Le 1er janvier bénéficie d’un statut particulier : c’est l’un des rares jours fériés pour lesquels la loi prévoit explicitement une obligation de chômage pour certaines catégories de travailleurs. Mais cette protection n’est pas absolue. Elle dépend du secteur d’activité, de la taille de l’entreprise et des accords en vigueur.

Le Code du travail distingue deux types de jours fériés : ceux qui sont obligatoirement chômés et ceux qui ne le sont que si un accord collectif ou le contrat de travail le prévoit. Seul le 1er mai est légalement chômé et payé pour tous les salariés sans exception. Pour le 1er janvier, la règle est différente : son chômage dépend des usages de la profession et des accords d’entreprise ou de branche.
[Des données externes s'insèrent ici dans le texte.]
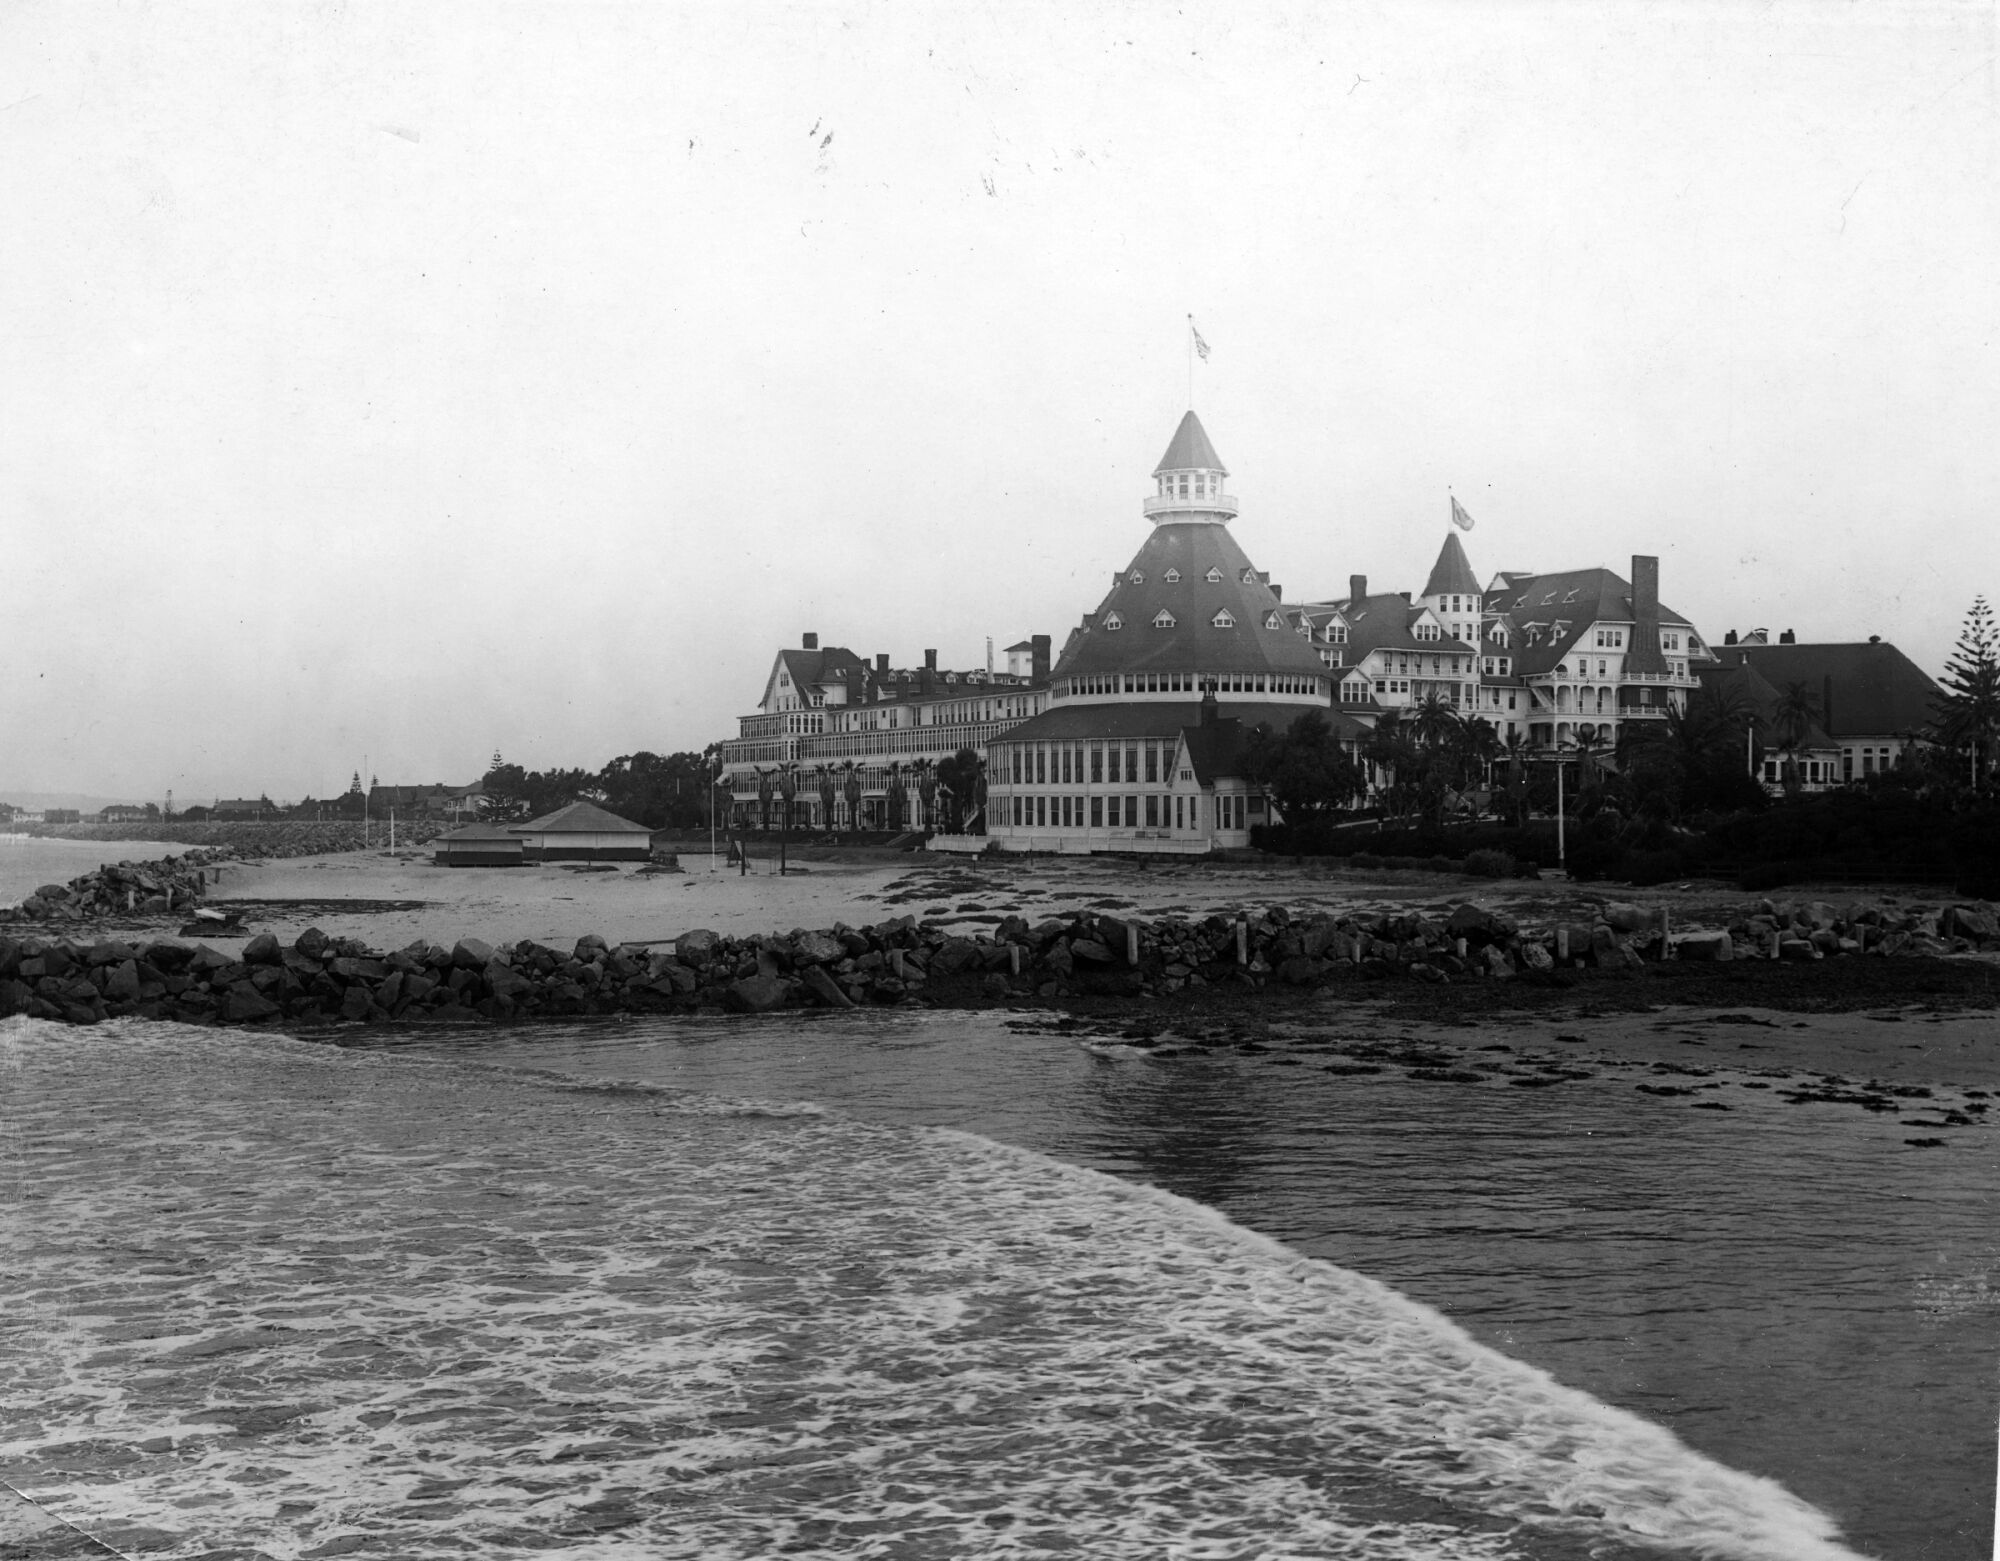 A historical photo of Hotel del Coronado

Dans les faits, une très grande majorité des salariés du secteur privé ne travaille pas le 1er janvier. Mais cela ne signifie pas que l’employeur est juridiquement incapable de les y contraindre. Dès lors que le contrat de travail ou la convention collective applicable prévoit la possibilité de travailler les jours fériés, le refus du salarié peut être considéré comme fautif. C’est là que réside toute la complexité de la situation.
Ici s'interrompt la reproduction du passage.